Following his resignation, Gallant continued to publicly criticize Netanyahu, telling the Yedioth Ahronoth newspaper in February that the prime minister had delayed a hostage deal and rejected a large-scale preemptive strike on the Lebanese terror group Hezbollah during the war’s early stages.

In a scathing opinion submitted to the party’s highest internal court in February, Likud legal adviser Avi Halevi called for Gallant’s expulsion from the party, stating that it was necessary to bar him from running on the party slate in future Knesset elections because his actions as a lawmaker and minister had allegedly assisted Likud’s political opponents in opposing the policies of the party and the Netanyahu government.

Halevi specifically pointed to Gallant’s position on Haredi conscription and his decision to skip multiple votes in the Knesset plenum, both of which he asserted had violated the “duty of trust that a Likud member owes to the movement according to the Likud constitution.”

Gallant subsequently called on the party court to reject the motion against him, although he declined to defend himself in person.

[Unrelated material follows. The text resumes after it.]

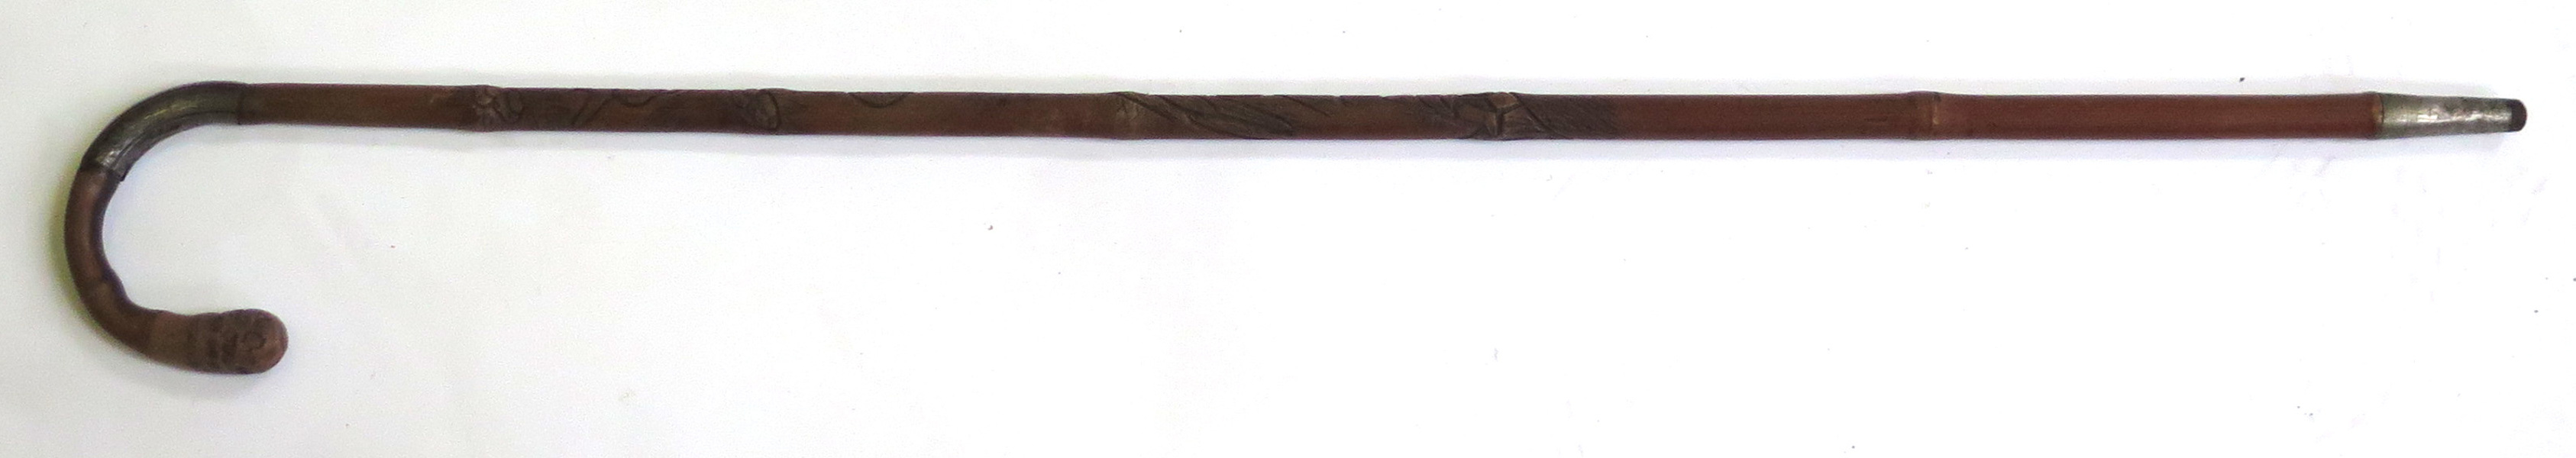 Käpp, bambu med silver(?)montage, antagligen Kina, sekelskiftet 1900,_14977a_lg.jpeg

Finally showing up before the tribunal on Monday, Gallant repeated his criticism of the government’s efforts to severely curtail the power of the judiciary, arguing that it had caused significant harm to national security.

“My argument is not with the reform, but with the way it is done,” Channel 12 quoted him telling the panel.

One tribunal member accused Gallant of serving as a “Trojan horse” within the party, to which he replied that he had only ever acted out of security considerations, rather than political ones.